Eric Allin Cornell
Cornell, Eric Allin (1961-) helped create a new state of matter, the Bose-Einstein condensate (BEC). For this achievement, he shared the 2001 Nobel Prize in physics with German physicist Wolfgang Ketterle and American physicist Carl Edwin Wieman.
Cornell was born in Palo Alto, California. He earned a B.S. degree in physics from Stanford University, Stanford, California, in 1985 and a Ph.D. degree in physics in 1990 from Massachusetts Institute of Technology (MIT), Cambridge, Massachusetts. In 1992, he joined the quantum physics division at the National Institute of Standards and Technology (NIST) in Boulder, Colorado, and became a physics professor at the University of Colorado. Cornell soon became a fellow at the Joint Institute for Laboratory Astrophysics (JILA).
The work of Cornell, Ketterle, and Wieman resulted from that of Indian physicist Satyendra Nath Bose more than 70 years earlier. In 1924, Bose made important theoretical calculations regarding light particles and sent them to physicist Albert Einstein, who extended the theory to include particles of matter.

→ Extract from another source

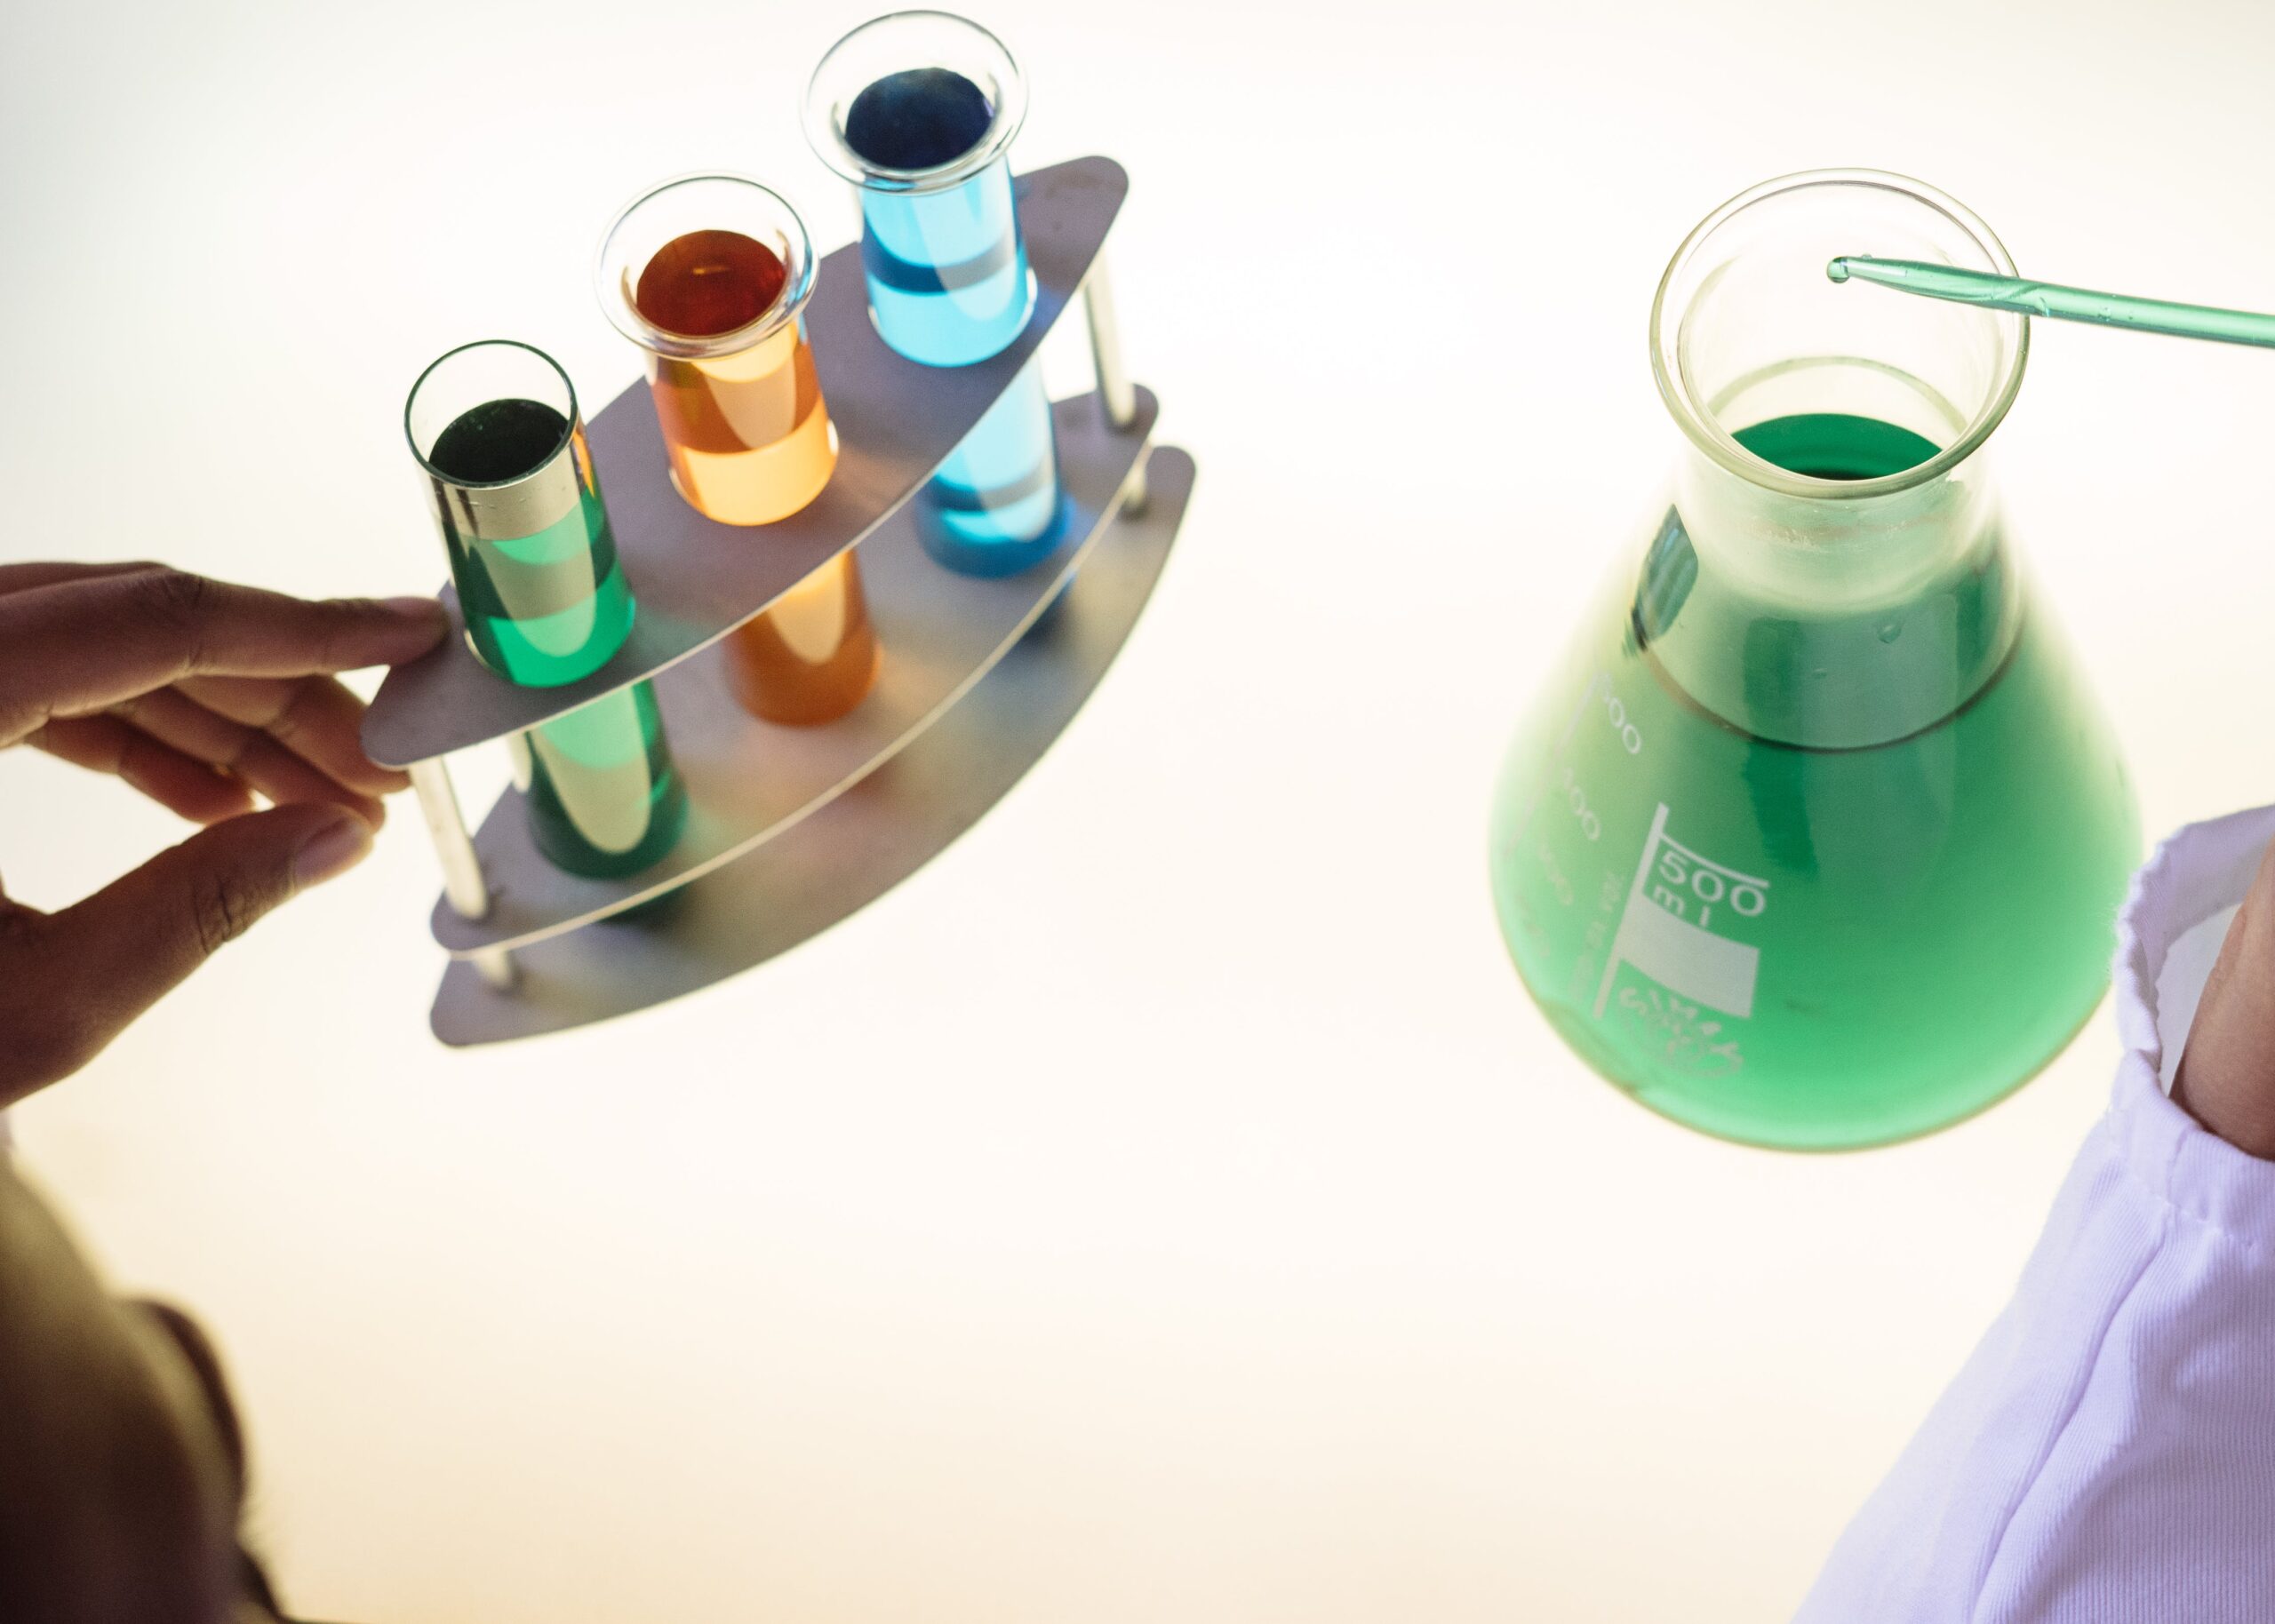 Chemistry bottles with different coloured liquids - testing econometric models
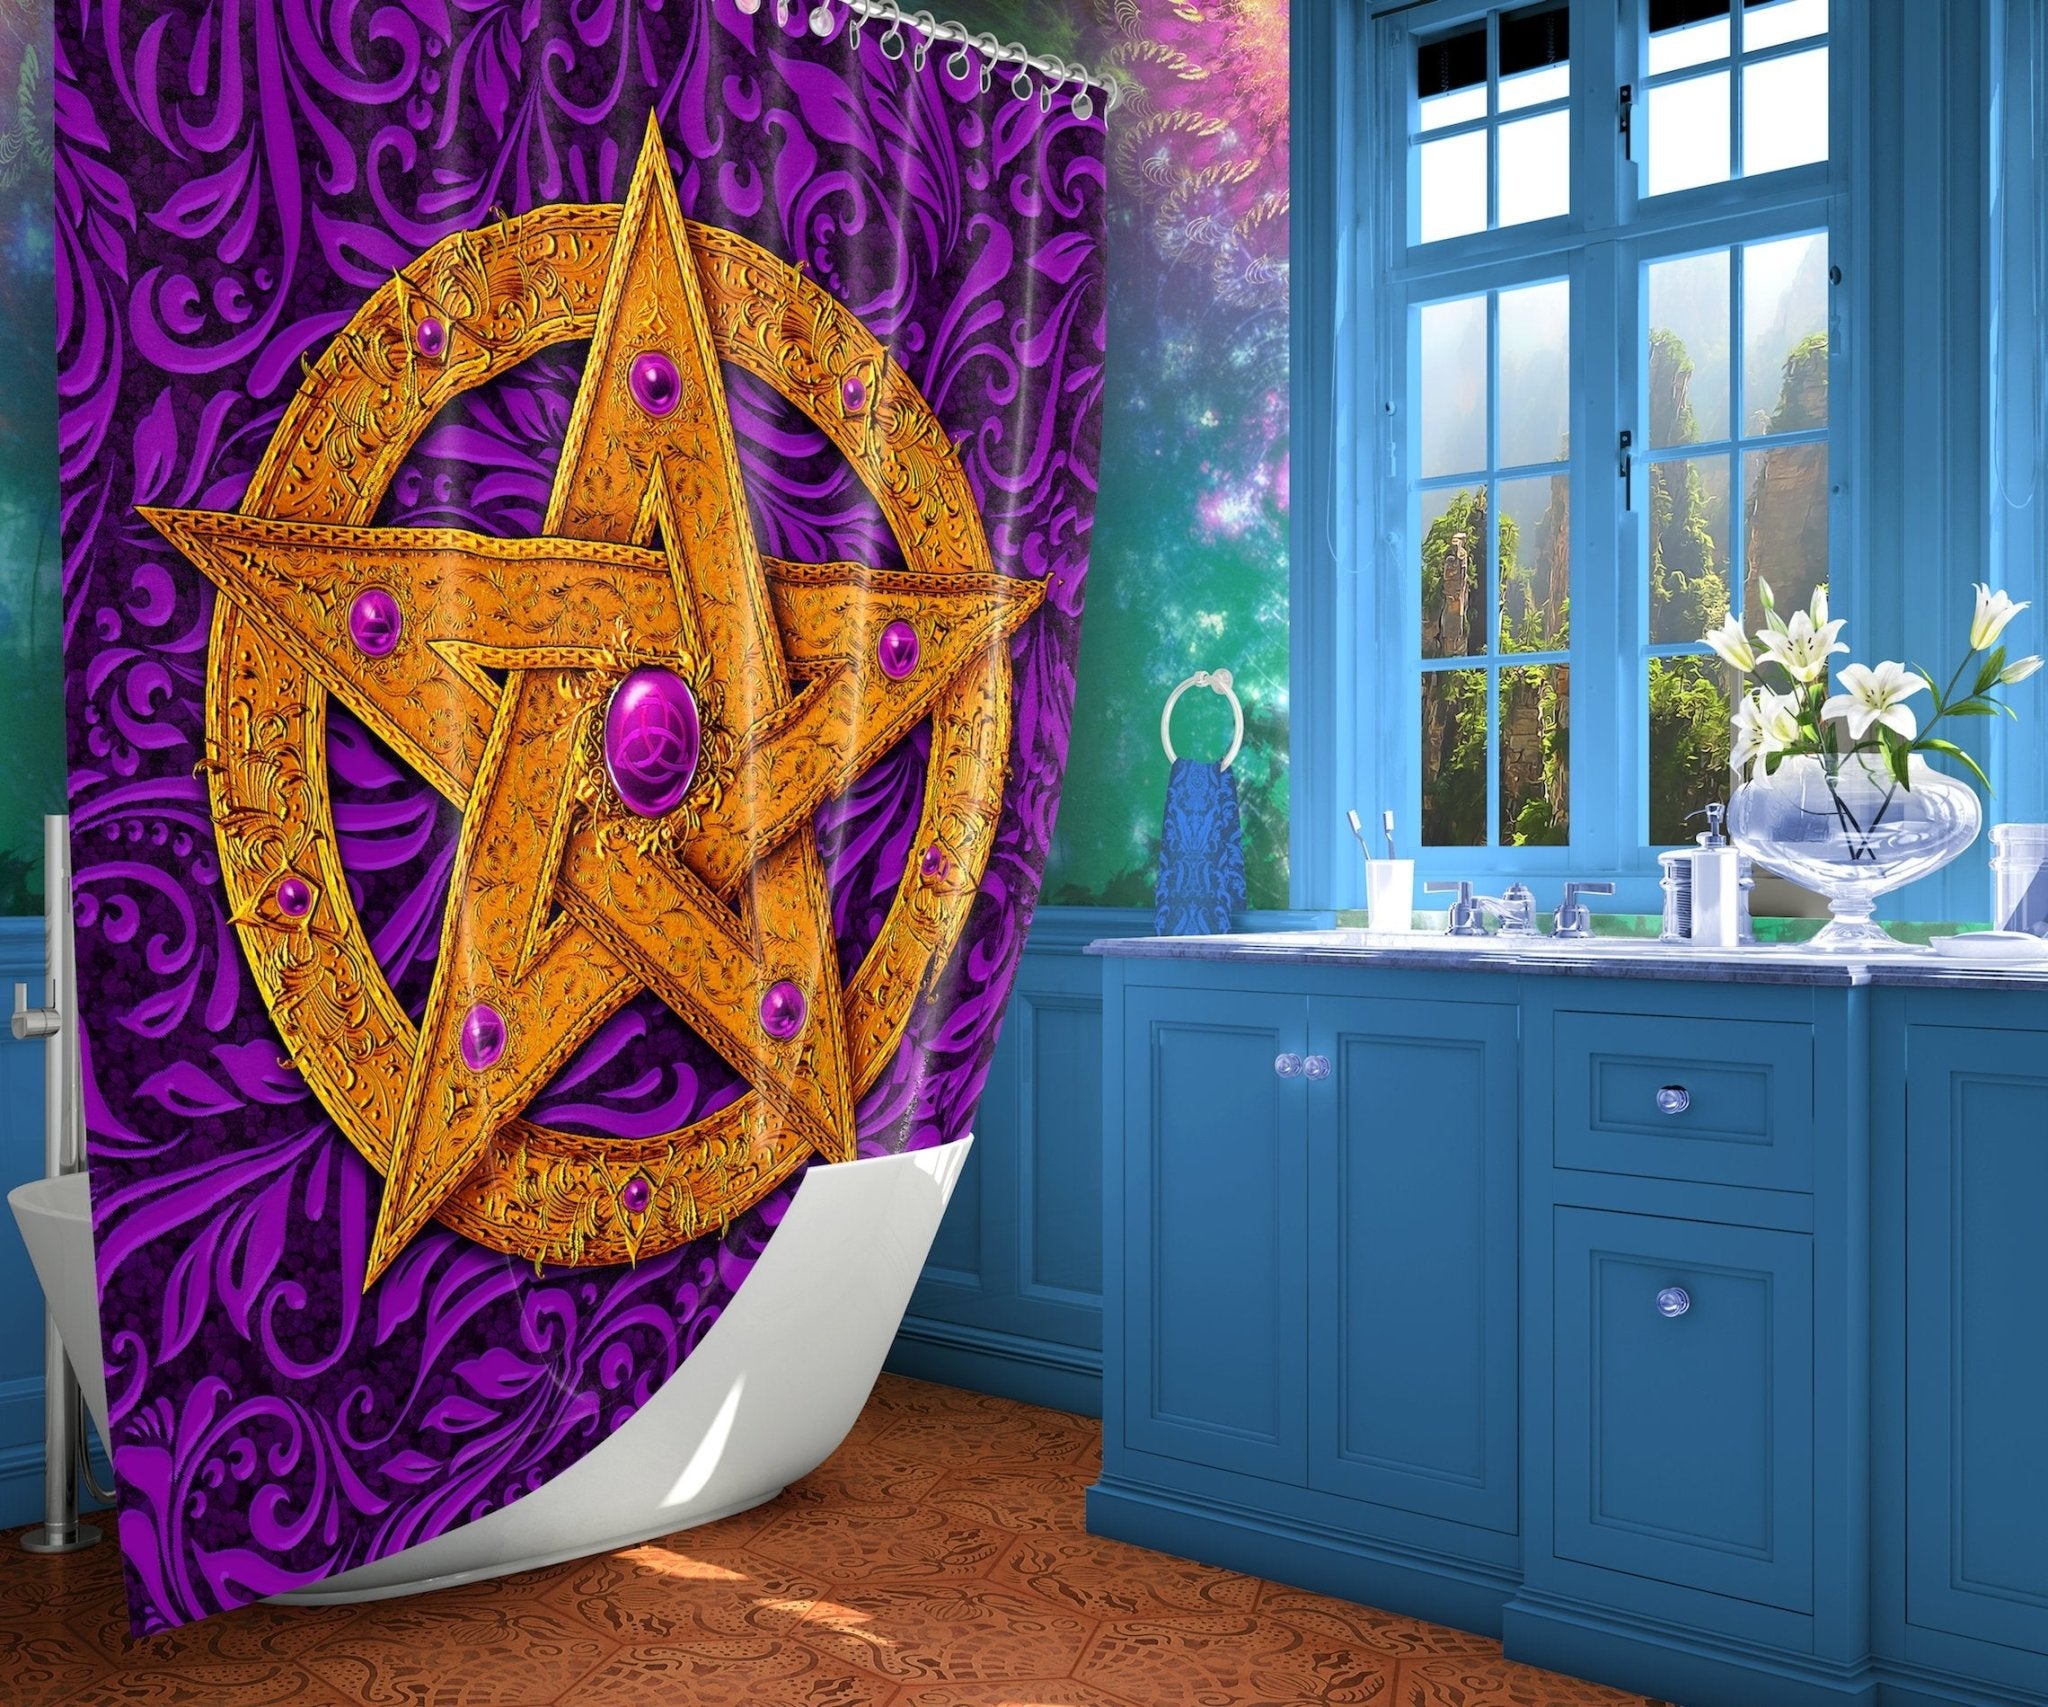 Pentacle Shower Curtain, Witch Bathroom Decor, Wicca Art, Eclectic and Funky Home - Gold Star, 4 Colours - Abysm Internal

Einstein predicted that if a gas of certain types of atoms were cooled to a very low temperature, all the atoms would suddenly gather in the lowest possible energy state. Matter waves of thousands of individual atoms would then merge into a single wave and behave like one superatom. They would form a new state of matter, a Bose-Einstein condensate (BEC).
To achieve BEC, Cornell and Wieman cooled rubidium atoms to less than 170 billionths of a degree above absolute zero, the theoretical temperature at which atoms have the least possible energy. After extensive efforts by the Colorado team, Cornell solved the remaining problem that prevented condensation. The condensation was first achieved on June 5, 1995, in a JILA laboratory. Ketterle and his MIT team achieved condensation four months later with sodium atoms.
Cornell was elected to the National Academy of Sciences in 2000.